Thursday, 19 October 2017

So many forms of wildlife..

ALONG the banks of Greys Road by the Gainsborough estate in Henley, the bulbous buttercup and mouse-eared hawkweed, common vetch and field woodrush are in flower.

This hawkweed is a lemony yellow, small, dandelion-shaped flower rising from a cluster of hairy leaves, hence its name.

The upper section has been mown to encourage the interesting funghi which have been identified here, the next section left for the flowers and grasses, tiny blue myosotis/early forget-me-not, yarrow, plantain and white deadnettle.

A larger section than needed has been scalped by the pavement, where the grass does need to be kept off the tarmac and from wetting our feet, so that only daisies survive.

By the pram walk is red clover, a garden poppy round the lamppost, cow parsley by the grey box and the tiny yellow dots of spotted medick by the lamppost — great that the street furniture is helping keep our flora and insects alive!

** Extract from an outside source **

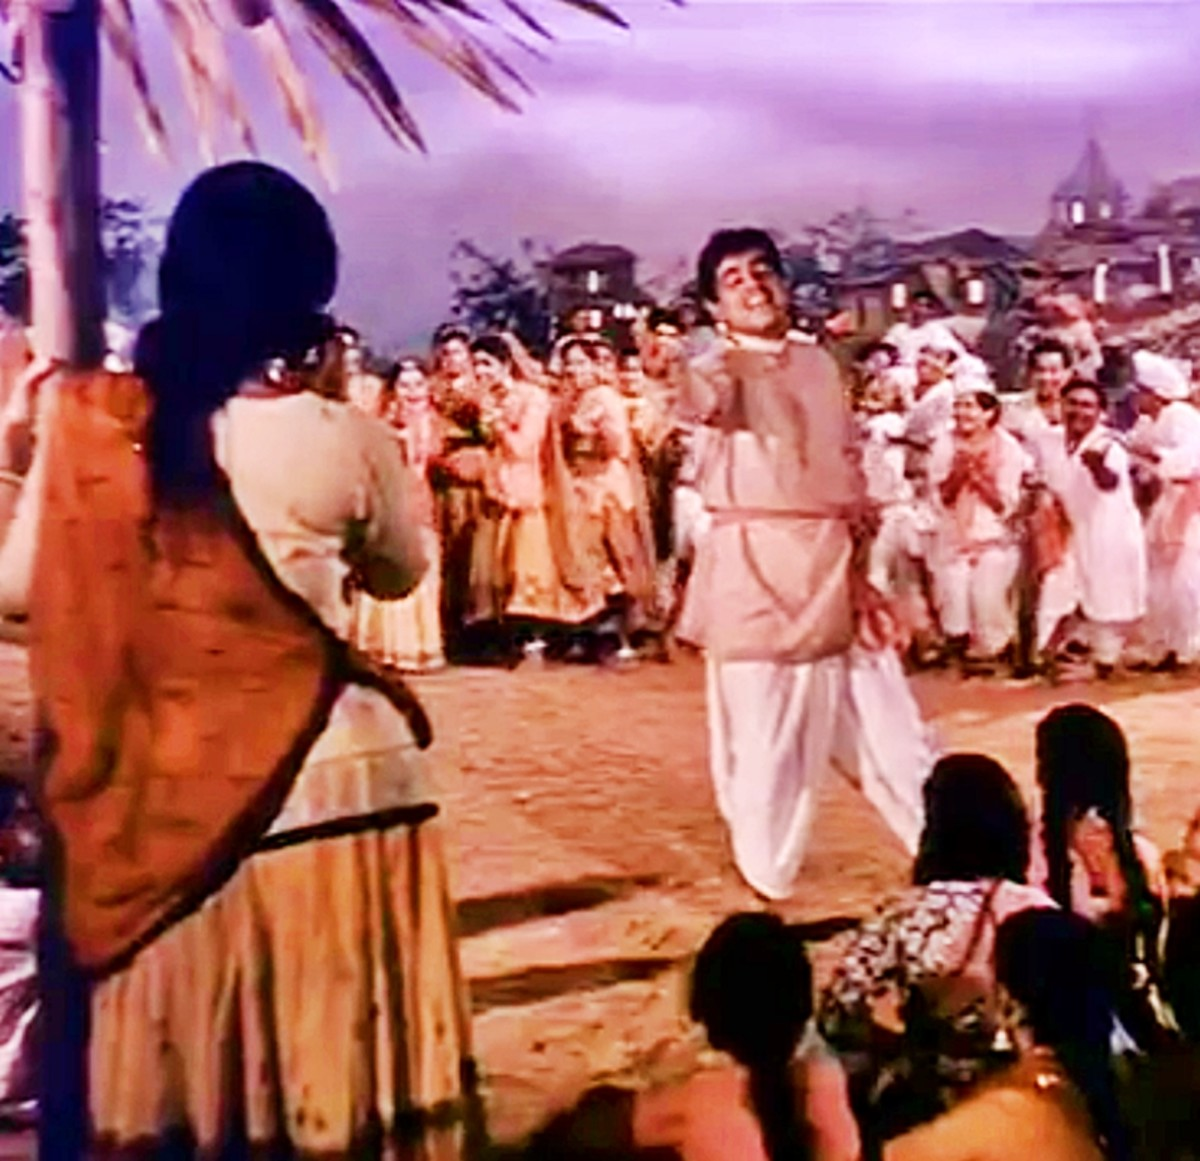 Dilip Kumar and Vaijayanthimala in Ganga Jamuna.  A beautiful folk dance celebrating love with joy.

Unfortunately, the strip above the pram walk has been “tidied”, so that the white campion, phacelium and poppies may not recover but knapweed, hedgerow cranesbill, purple scabious and pink musk mallow are yet to come. Look out for pyramidal orchids in July.

The management of a wildflower meadow is complicated and skilled; it should be mown once in the autumn, after flowering, the sward left for seeds to drop and then the dry grass removed so that the suckers from the cherries and the sycamore seedlings are also prevented from growing into trees.

Towards the scout hut ragwort is appearing, the blue eyes of germander speedwell, sorrel and lamb’s lettuce (eat only the fresh leaves).

If cut too early, the grass is still full of insects, as I discovered when a keen relative “tidied” my wildflower patch in the lawn — the raspberry canes were full of bouncing grasshoppers which had been cruelly displaced.

All the walls along the lanes of Henley sprout beautiful weeds at this time of year, as does the Holy Trinity Church graveyard — pink bush vetch, wild strawberry, wood avens, blue alkanet (looking like a big, hairy forget-me-not but actually a sempervirens) and, of course, dandelions and buttercups, ladies’ bedstraw and ferns in the shady corners, where another form of wildlife congregates....

As well as the robin, blackbird and woodpecker you may, at dusk, identify the spotted teenager gathering to smoke various substances, which is why the bench has had to be removed.